Serial Steps in the Application of Principles of Contract Interpretation

New York, like most jurisdictions, prescribes a multi-step approach for the interpretation of contracts. First, the court must assess whether the language at issue is open to competing, reasonable interpretations. In doing so, the court looks to the four corners of the contract, rather than to outside sources, and interprets the relevant language in the context of the contract as a whole. Discovision Assocs. v. Toshiba Corp., 08cv3693(HB), 2009 U.S. Dist. LEXIS 41662, at *13 (S.D.N.Y. May 18, 2009).

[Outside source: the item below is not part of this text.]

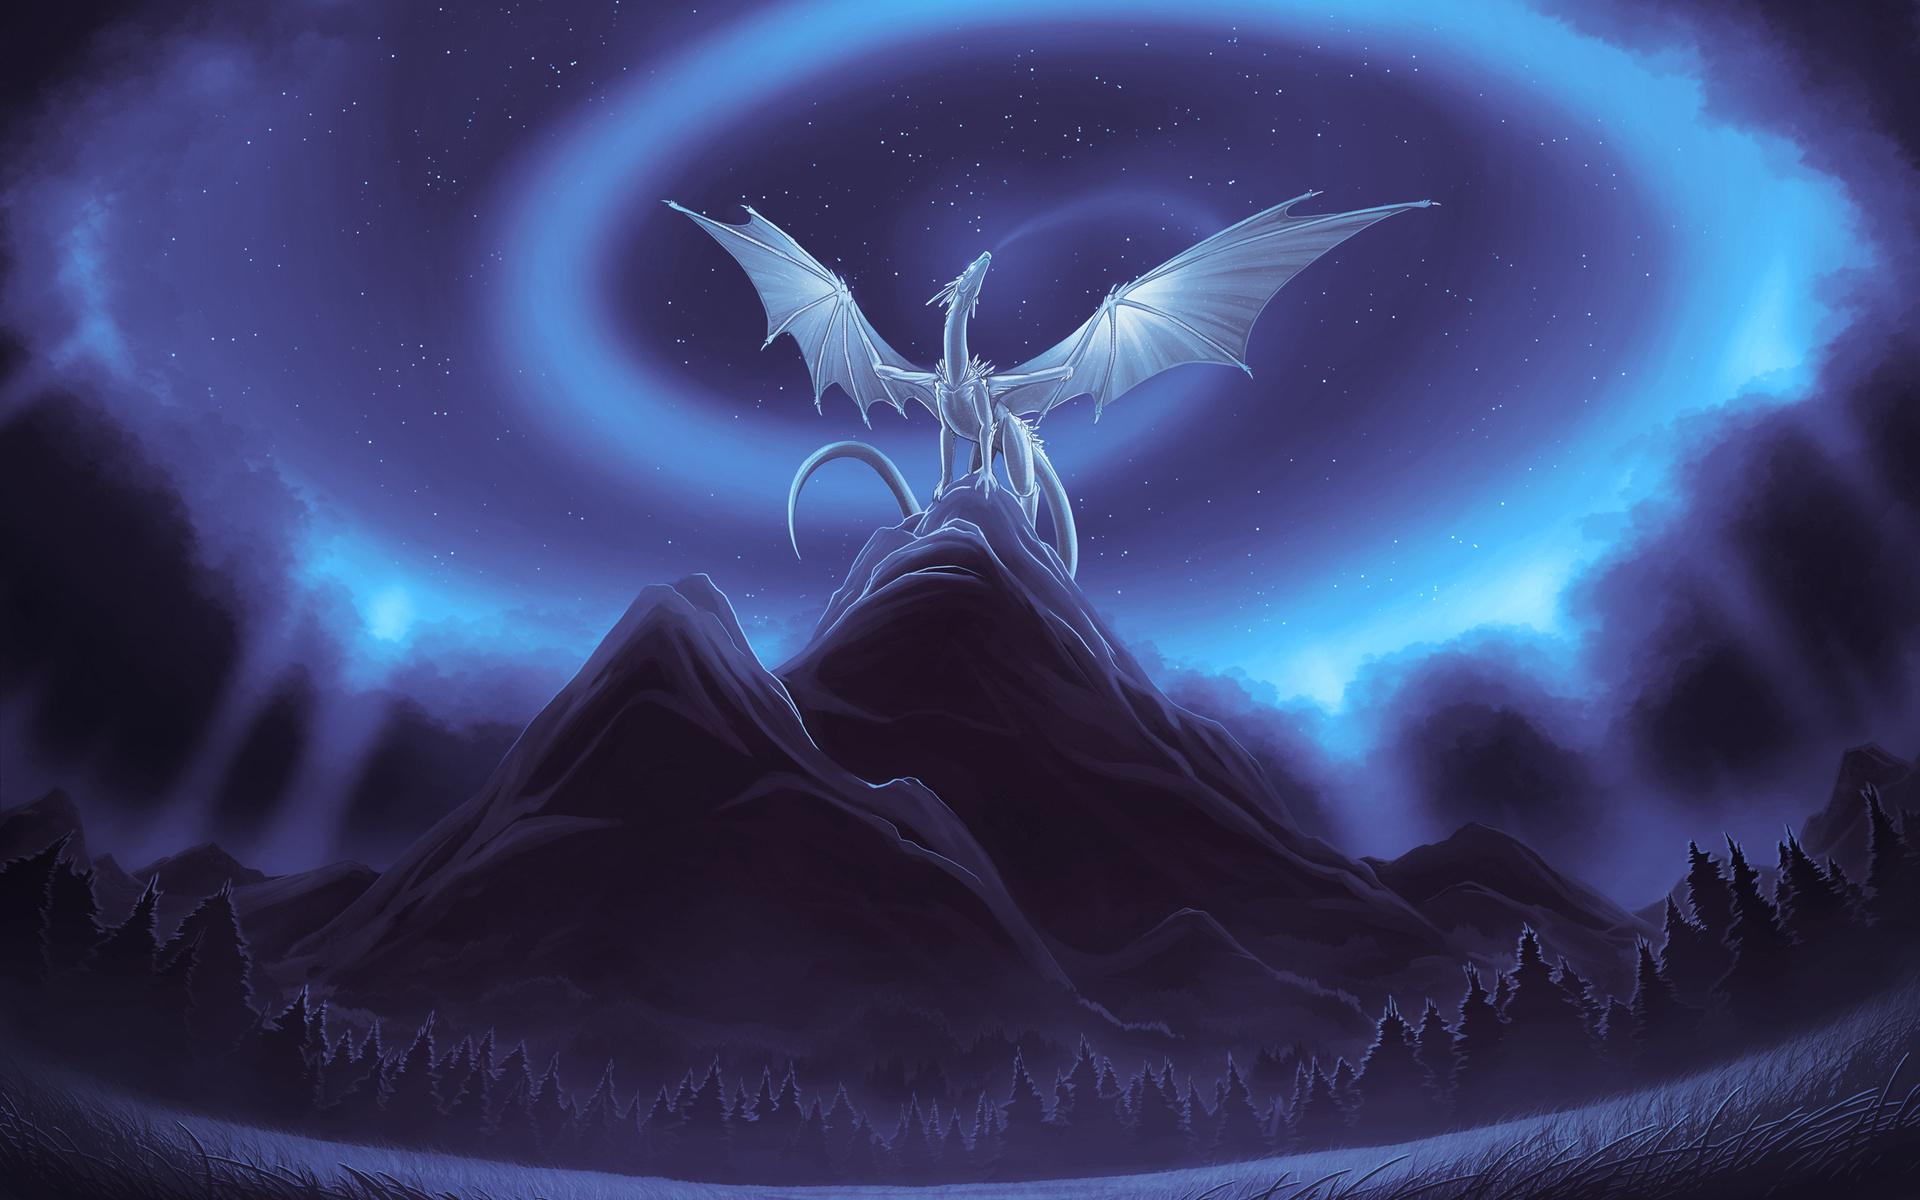 14345 Hintergrundbild herunterladen Fantasie, Dragons - Bildschirmschoner und Bilder kostenlos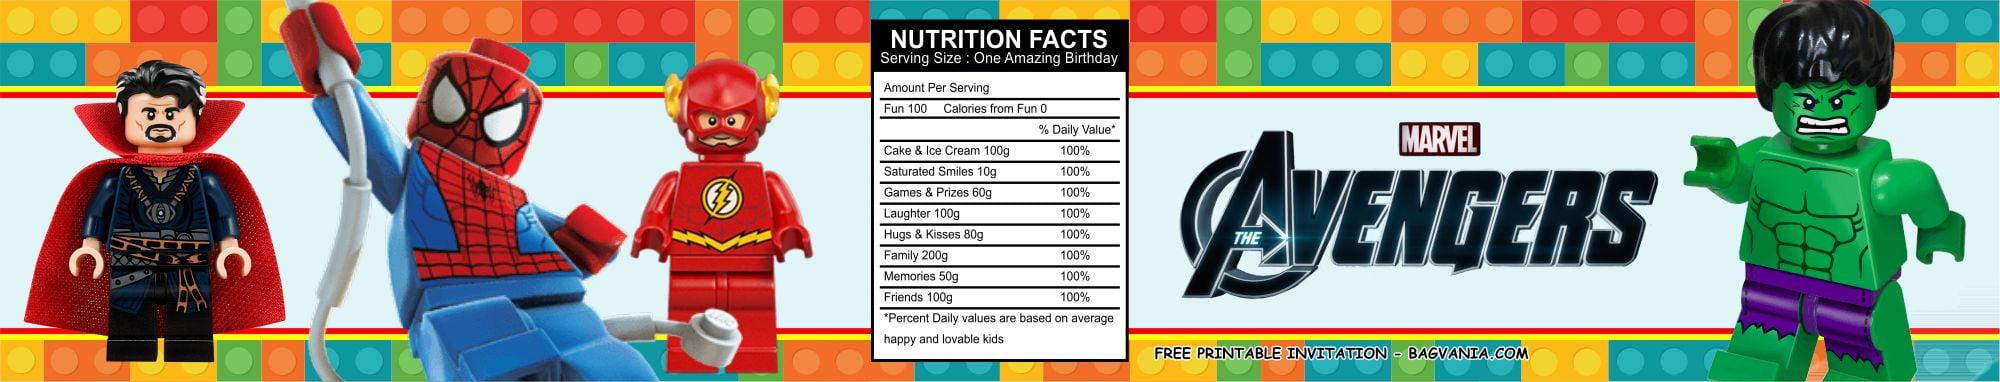 lego avengers birthday party kits

The court need not consider the words of the contract in an absolute vacuum. New York has long and consistently acknowledged that the court may bring its common sense to the task, considering terms in the context of the entire agreement, including the motives and respective positions of the contracting parties. Atwater & Co. v. Panama R.R. Co., 246 N.Y. 519, 524 (1927), Collins v. Harrison-Bode, 303 F.3d 429, 433 (2d Cir. 2002) (citing the Atwater framework). This does not mean, however, that canons of contract construction such as contra proferentem may be invoked at this first stage. If a court determines that the language of the contract and common sense compel the conclusion that provisions at issue are unambiguous, its analysis ends there: The plain language is applied as written.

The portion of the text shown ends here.